June 1 marks the beginning of Atlantic hurricane season, so it is useful to know which companies have the greatest exposure to possible storms and those that stand to gain if supply disruptions occur.
The most recent forecasts out of the U.S. call for a higher-than-average number of named storms in the next six months, for many of the same reasons cited last year.
But the 2006 season ended up being quieter than expected, primarily because storms did not reach land and therefore caused much less damage than in 2005 when Hurricanes Katrina and Rita ravaged the Gulf Coast.
The largest concentration of offshore oil and gas production is near the coast of Louisiana, while the offshore Gulf of Mexico region accounts for nearly 15% of natural gas production and 32% of crude oil production in the lower 48 U.S. states, according to RBC Capital Markets.
Oil and natural gas independent Apache Corp. (NYSE:APA) has significant exposure in the Gulf region, with more than 22% of 2006 production and 17% of year-end reserves there, RBC said in a report.
Anadarko Petroleum Corp. (NYSE:APC) meanwhile, has an estimated 13% of its 2006 year-end reserves in the Gulf of Mexico.
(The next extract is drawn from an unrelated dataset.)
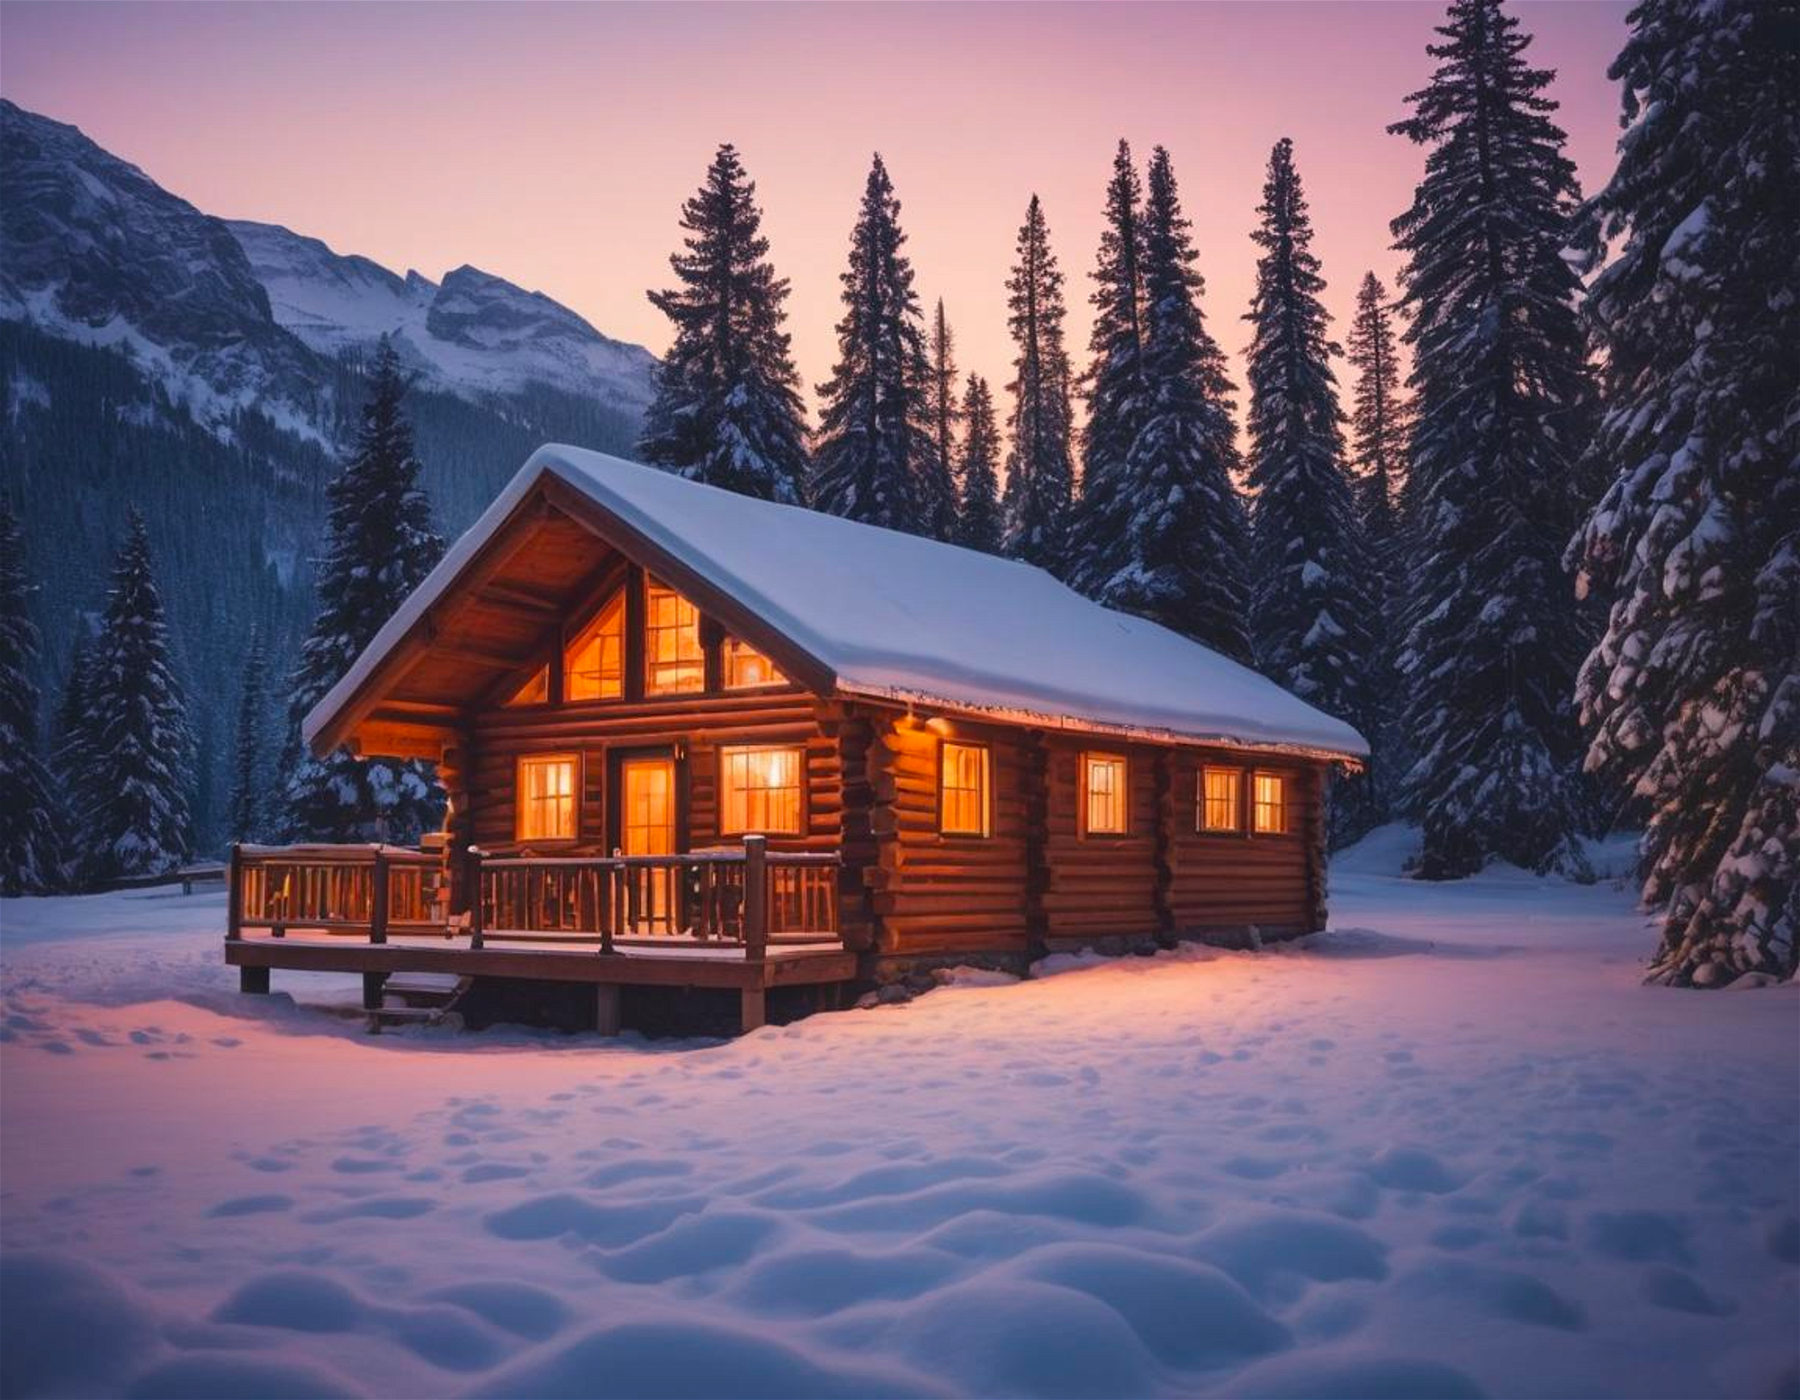 Wood cabin in the snow, sunset

Devon Energy Corp.’s (NYSE:DVN) Gulf properties however, only account for roughly 5% of its proved reserves and 10% of production at that time.
The report also noted much more exposure in terms of reserves and production in the Gulf for names like ATP Oil & Gas Corp. (ATPG), Callon Petroleum Co. (NYSE:CPE), Helix Energy Solutions Group (NYSE:HLX), Mariner Energy Inc. (ME) and Swift Energy Co. (SFY).
But while integrated oil and gas companies are indeed at risk from hurricanes in the Gulf, the path of these storms is what really matters as one company can suffer massive damage, while its neighbor could emerge unscathed.